Customers are confused by the various products on offer and the consequences for not meeting deposit criteria on many online savings accounts.
ACCC Chair Gina Cass-Gottlieb said the regulator is recommending banks roll-out a reminder system if savers are going to fail to meet deposit criteria to attain the top interest rate.
It also recommended banks alert customers to if another product is better suited to them - either one with fewer interest rate sacrifices if the customer is disengaged, or one with a higher rate if the customer is engaged.
“While high headline interest rates may seem attractive to customers, they can come attached with conditions that are hard for customers to meet and keep track of,” Ms Cass-Gottlieb said.
“During our inquiry, we were concerned that several banks could not tell us how many of their customers had missed out on bonus interest, or which specific condition they failed to meet.”
In InfoChoice's database, there was only one savings account with an unconditional rate over 5.00% p.a. which belonged to Australian Unity. However that account has been mired in controversy.
Upwards of 30 banks offer savings accounts over 5.00% p.a. but most come attached with bonus conditions such as minimum deposits, introductory periods, age limits, card transactions, no withdrawals, growing the balance, low balance caps and more.
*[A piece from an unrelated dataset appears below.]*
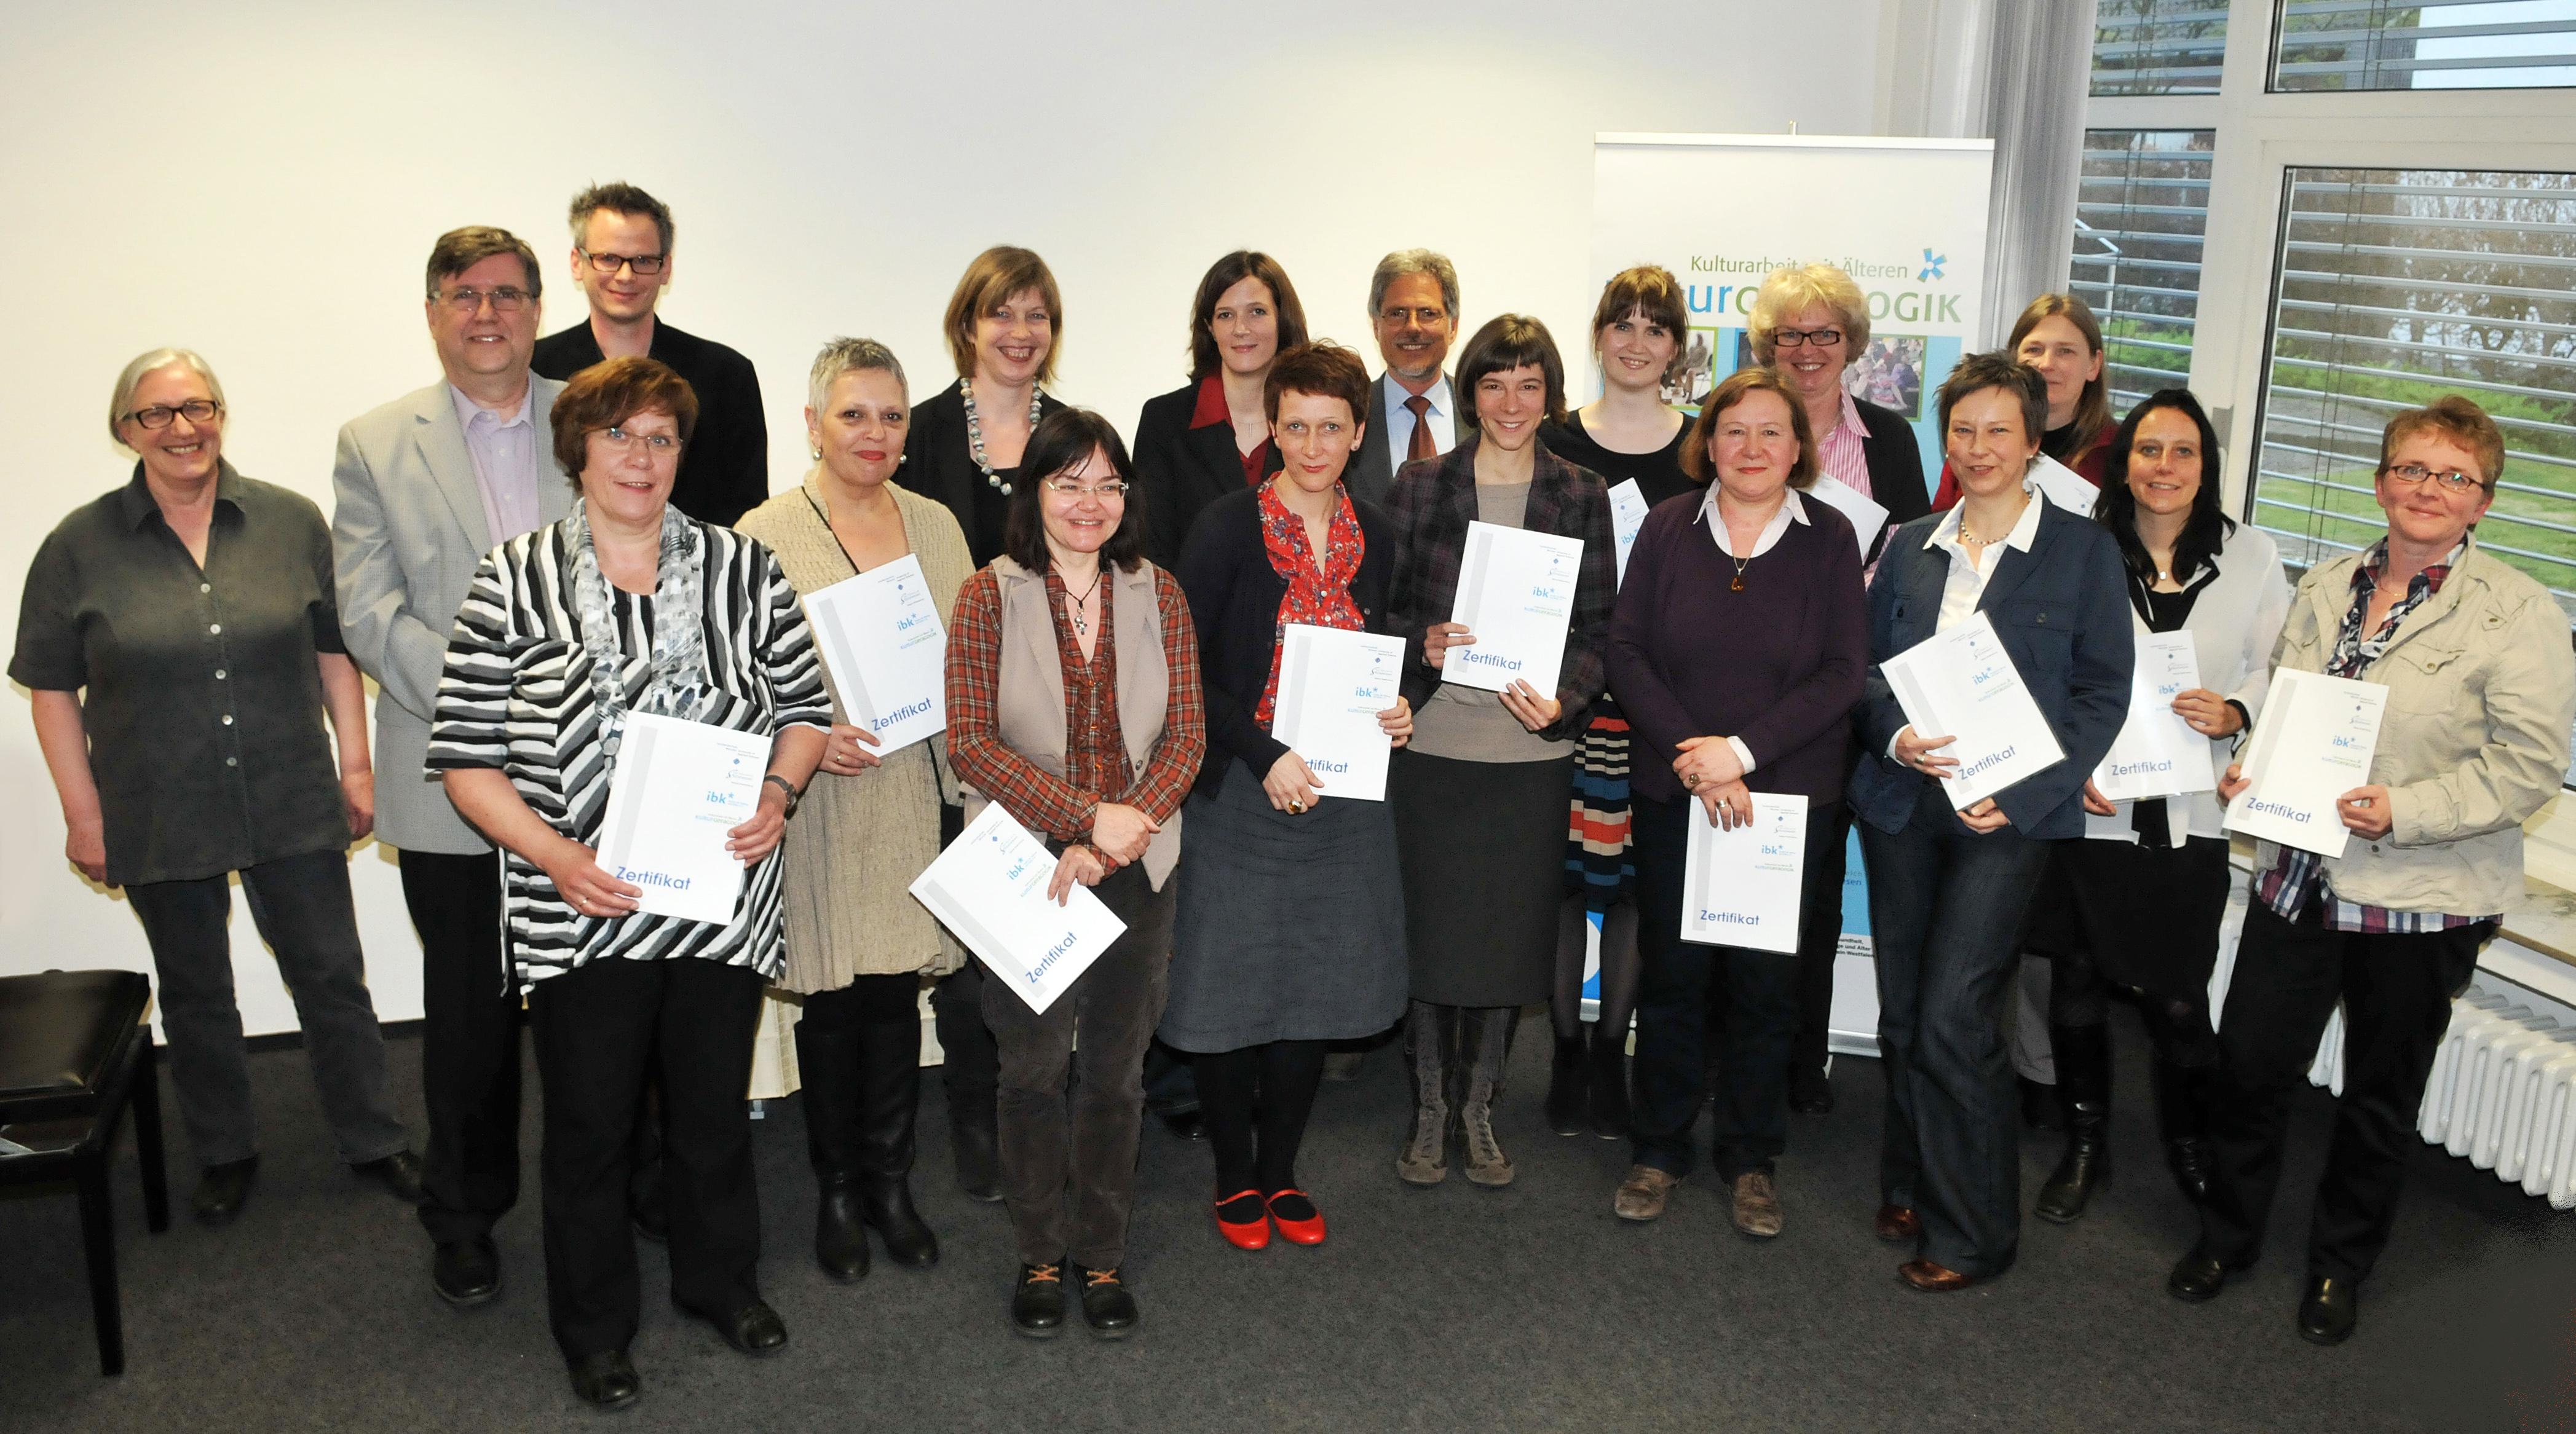 Gruppenfoto der 14 Teilnehmerinnen des Zertifikatskurs Kulturgeragogik mit Gratulanten Dr. Claus Eppe, Magdalena Megler, Stefan Gesmann und Prof. Dr. Hans-Hermann Wickel.

The sacrifices for not meeting the deposit criteria can be steep, with many base rates on these products less than 50 basis points.
The report also found there are significant barriers to entry when switching to a better deal.
"Only 38% of savings account consumers search for information on alternatives, following through to only 25% of consumers switching over a three year period," the report found.
The ACCC has also recommended the government roll out easier bank account porting so they can switch and take advantage of higher interest rates.